These claims might be easily dismissed in another school – but given its track record of excellence in German, it raise questions about whether the Department of Education’s standardisation process was nuanced enough to pick up these trends at individual school level.

As for many grind schools and other private schools, some also claim that teachers’ estimated grades were lowered by anywhere between 20 to 40 per cent, well in excess of the national average of 17 per cent.

The fact that the Department of Education, following a Government decision , withdrew the “school profiling” data relating to the previous performance of schools over the past three years from the algorithm used to determine the final grades allocated to each student may also have played a role in flattening the curve of achievement.

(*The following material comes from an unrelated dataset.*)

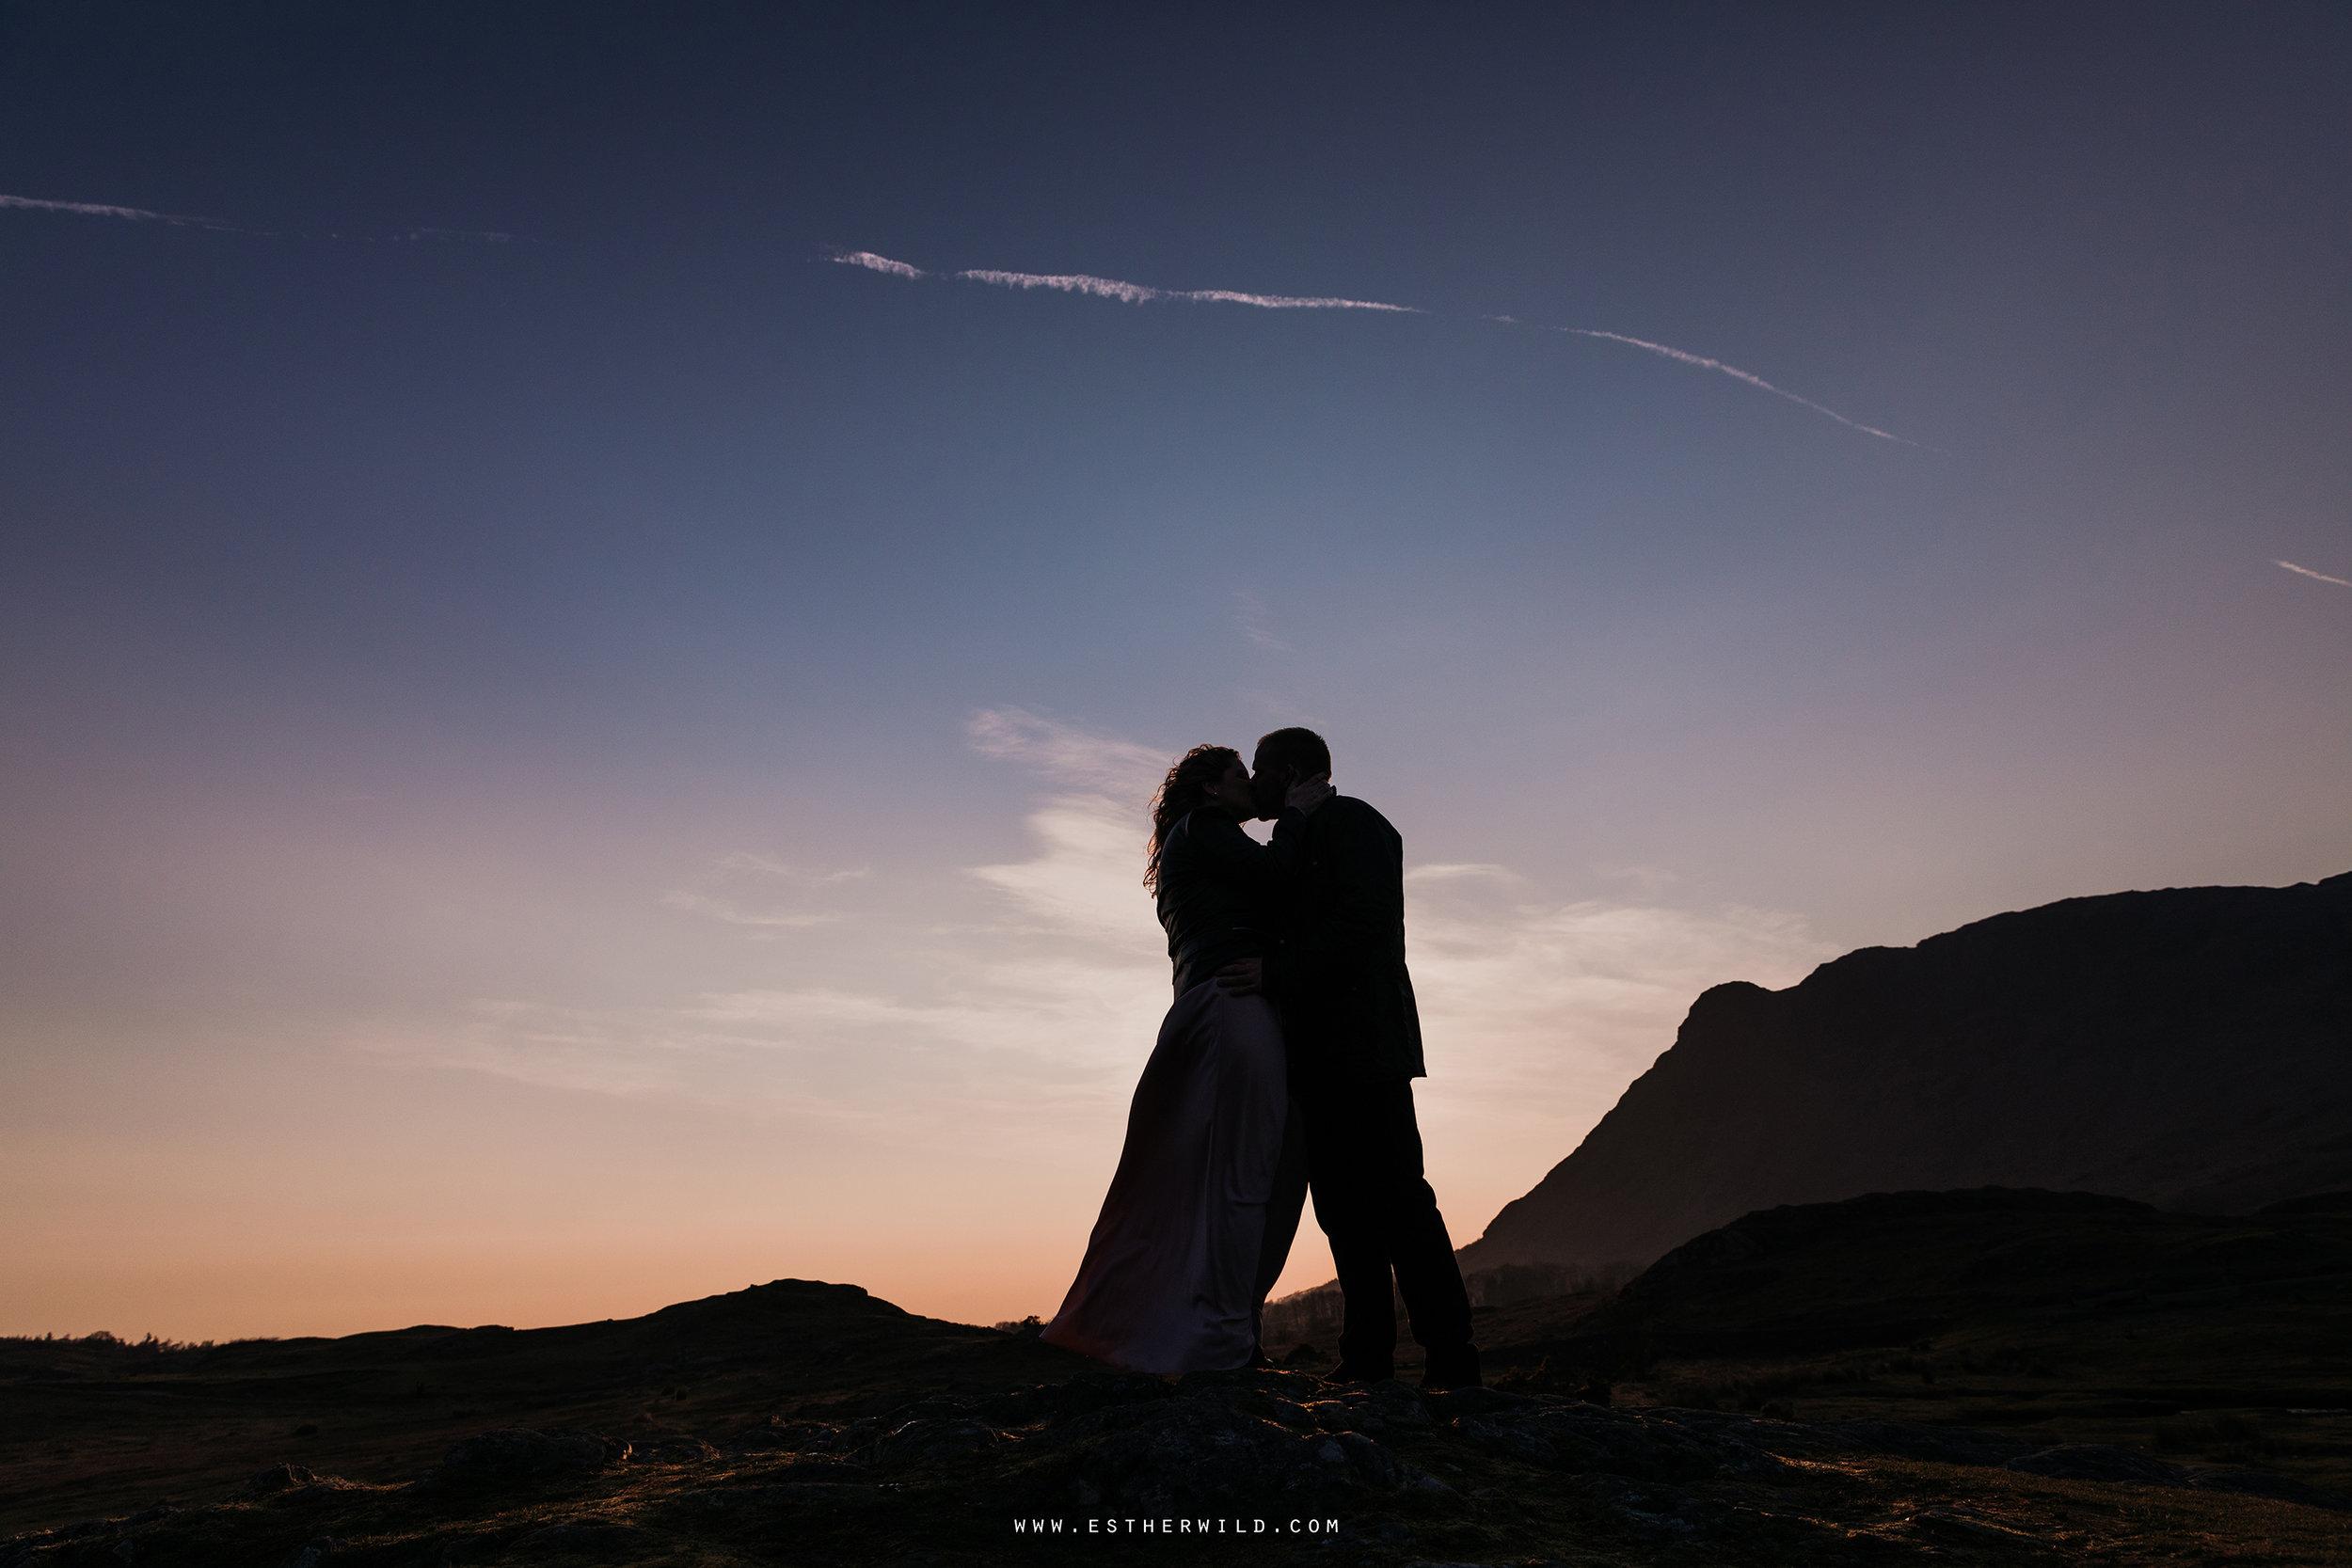 Cumbria_Lake_District_Wasdale_Wedding_Photographer_Destination_Engagement_Anniversary_Esther_Wild_IMG_4696.jpg

By contrast, it may have benefited students in schools with less of a tradition of securing high grades for their students, and thus offers of places in high points courses. We don’t know yet for sure.

Of course, it may also be the case that teachers in these schools overestimated their students to an extent far higher than elsewhere and, as a result, more of their estimated grades were pulled downwards.

This controversy also raises the wider question of perception of school performances. Students may expect stellar results from prestigious schools, but it isn’t always the case.

For example, The Irish Times provides detailed data every year on the numbers progressing to college from all schools. Many of these schools have what appear to be 100 per cent progression rates. However, we make it absolutely clear that these numbers can be inflated by students repeating or reapplying to college. For statistical reasons, outside of our control, they are all included as being in the same class.

Many calls

(We would love to be in a position to publish the actual numbers of the current Leaving Cert class who progress to college. But under legislation, the national media is not provided with this data.)

So, there can be a misperception among both parents and students that all students from prestigious schools are guaranteed to secure high-points courses every year. Many do not and this is accepted.

But in the current scenario, where an algorithm is perceived to be determining the outcome, such acceptance is absent. This may be one of the reasons why our helpline is getting so many calls from students from these backgrounds.

What seems very clear is that at this juncture – the mid-point between the publication of the assessed grades and the publication of the college offers on Friday – that there are a lot of very anxious and disappointed students and parents.

No algorithm was ever going to be able to provide an outcome which kept everyone happy, but the level of unhappiness among those with high expectations is very evident, and is being communicated by parents to their public representatives and possibly legal advisors.

Minister for Higher Education Simon Harris was at pains to point out that everything possible is being done to maximise the number of places available for the CAO distribution on Friday.

Whether those additional places will be enough to take the heat out of the anger and upset of the students and parents involved, only time will tell.